Hebrews 4:14-16 (KJV)

 

14 Seeing then that we have a great high Priest, that is passed into the heavens, Jesus the Son of God, let us hold fast our profession. 15 For we have not an high Priest which cannot be touched with the feeling of our infirmities; but was in all points tempted like as we are, yet without sin. 16 Let us therefore come boldly unto the throne of grace, that we may obtain mercy, and find grace to help in time of need.

 

We do not have a High Priest who cannot be touched with the feelings of our infirmities, meaning Christ as our High Priest. He is not just a High Priest, He is our High Priest, and He has feelings, and those feelings are touched by our problems, weaknesses, struggles, worries and sins.

 

The Greek word for ‘touched with feelings’ is: Συμπαθέω’ – ‘Sympatheo’. Of course that’s not hard to translate. It is as it sounds: to sympathise and have the same feelings. Wow, think on that, we have a High Priest that feels what we feel, He is able to delve into our whole being and experience what we experience , for the sake of being our Advocate and Help, our Paraclete that takes it to God, in the purest of ways.

 

He as our High Priest is not touched with anger, but first touched with tenderness. Spurgeon says: ‘He has assumed a very tender office’. Know this brothers and sisters, we do not have a High Priest who is not patient with all he knows about us.

 

Spurgeon adds:

 

Great knowledge needs great patience if it would instruct the ignorant.

 

It’s not that Christ can listen to our infirmities, our pains, our trials, our worries and failings. It’s that He is bound to, He is called to, He desires to, it is who He is. He can no more not hear and feel our woes than we cannot get wet from water. It’s in His very purpose to take all our petitions and cares to the Father. He doesn’t just communicate, as Spurgeon says, for men: ‘He was to communicate with God from men’.

 

Our High Priest takes all our mess and perplexities, and puts them in the right order, the right meaning, the right need, the right perspective, and takes them to the Father as a tender advocate and personal Priest. He doesn’t just know our sins and battles, His whole heart enters them and takes them as His responsibility.

 

Let me add at this junction, since Jesus is our perfect model, how many of us can say we fall way short of taking others’ burdens and weaknesses and having a tender and compassionate heart, that is both patient and understanding with that poor soul? How many of us, can continually have that right heart and put things and hear things from a Christlike perspective?

 

Surely to have such a High Priest is not just one we look to and be grateful for, but one whom we do all to act like and imitate in our own priestly, caring, and holy office towards our brothers and sisters, and all of humanity. Spurgeon reiterates time and time again that it is a ‘tender office’. How tender are we with others’ infirmities?

 

It tells us in the text that we have a High Priest who deeply feels our pain, but is not affected in a sinful way towards them. He is only affected in a loving, caring way; never ever, ever in a selfish, unloving, uncaring, or condemning way. Nor does He comfort, or plead with the Father based on His own needs or wants, or loss.

 

Are you starting to see the difference between the High Priest and us?
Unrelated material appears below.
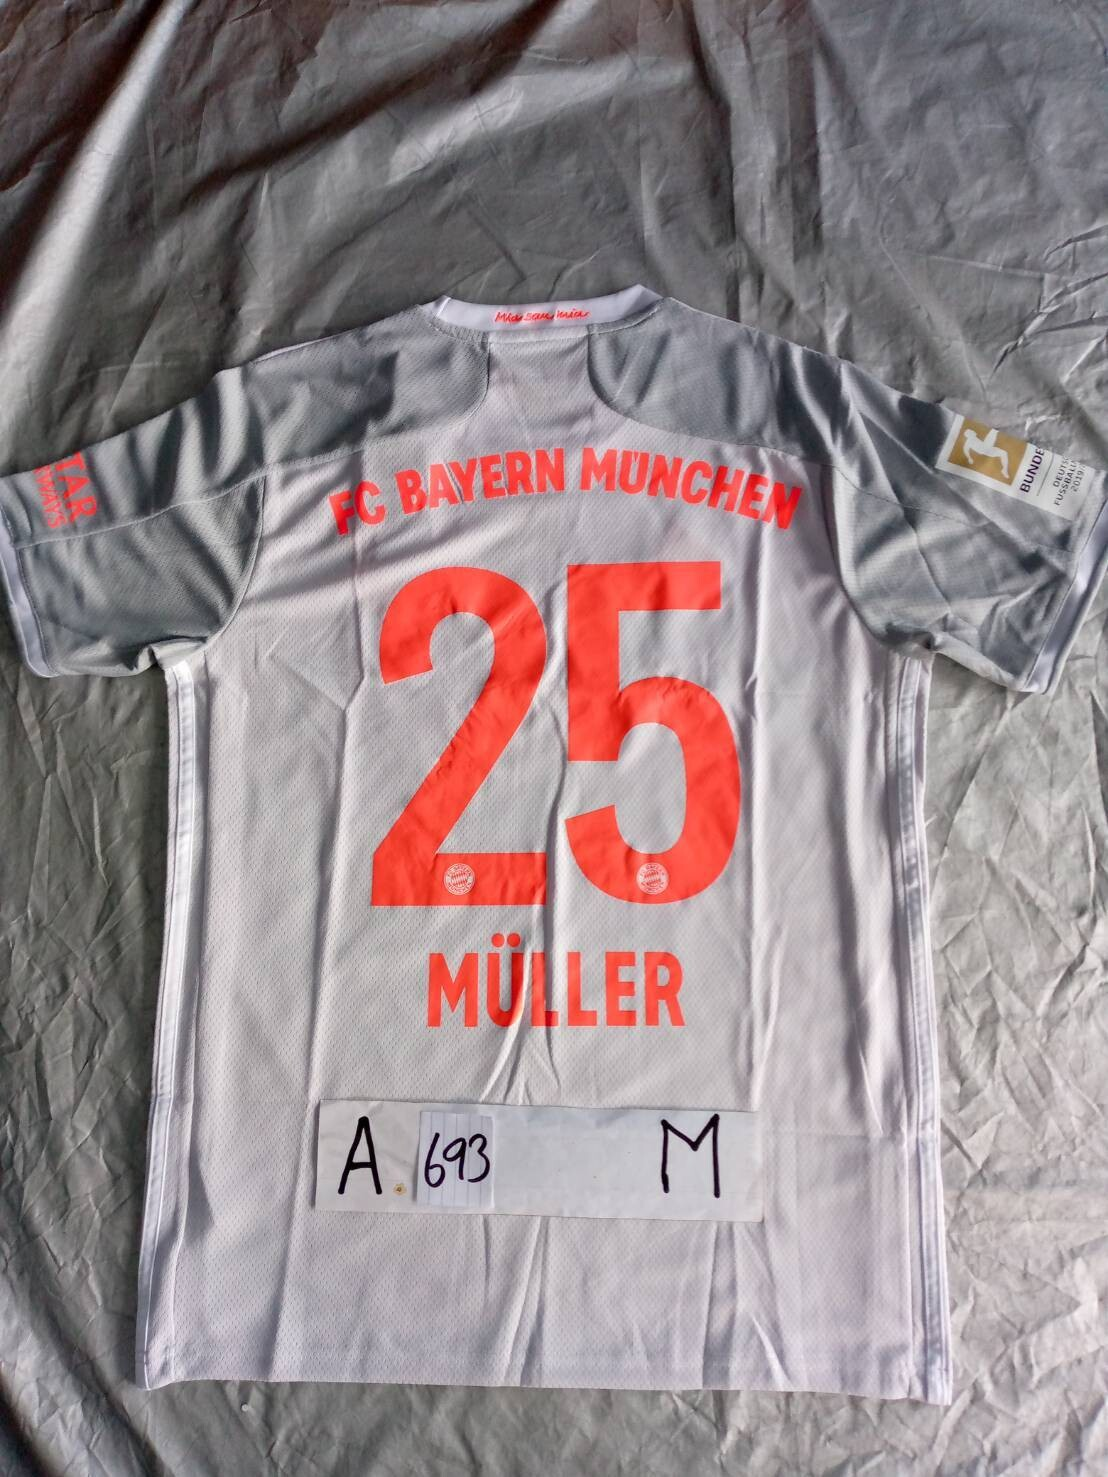 693  BAYER MUNICH BAYER MONACO MULLER 25 TAGLIA  M SIZE M

Can we really take our brothers and sisters burdens and carry them, and dissect them, and understand them, and present them, and care for them in a compassionate, holy way? The answer of course will be no! I fail a lot. Yes, we all do. But we have a High Priest who never fails, who never reacts poorly, who never fails in His perfect presentation of the depth of every situation. This is why we must, must, must bring all our petitions to Him. Let the Holy Spirit lead us to a better, more tender heart.

 

Christ’s affections are perfectly balanced, His care is perfectly weighted, His love is perfectly placed. He weighs all things up, that is exact in its nature and its reasons. He takes all that and brings it to the Father. Never ever is there a single minuscule of imperfect analysis of both the problem nor the need.

Spurgeon says:

 

Our High Priest is quite at home with mourners, and he enters into their case as a good physician understands the symptoms of his patients. When we tell our Lord the story of our inward griefs, he understands it better than we do. He rightly reads our case, and then wisely presents it before the majesty on High, pleading his sacrifice, that the Lord may deal graciously with us.

 

Spurgeon wonderfully adds:

 

Our merciful High Priest will never make a harsh observation, not ask a rasping question nor pronounce a crushing sentence.

 

Oh again, how far away are we from being that to others mostly? I say not this to presume we could ever reach that level of perfection; but for a twofold reason. Firstly - that we know the High Priest we have, and continue to take everything to Him. But secondly - that we endeavour to both imitate it/Him and be willing to crucify our own flesh when we fall short of it, and take our shortcomings to Him also.

 

To say to the Lord in prayer: ‘Lord I fail in my compassion’, and my ability to be tender in my patience and understanding is to allow our High Priest to bring balance to our own failings, and in turn help us to be better and more lovingly support to our fellow brothers and sisters. How different would our prayers be, how different would our counsel be, our reactions be, if we were to see the depth and the, as Spurgeon calls it, ‘the inward grief’ of people’s actions and reactions?

 

Proverbs 20:5 comes to mind.

 

5Counsel in the heart of man is like deep water,
But a man of understanding will draw it out.

 

Yet we are often way, way too personally affected that our own sin sabotages the plight of others.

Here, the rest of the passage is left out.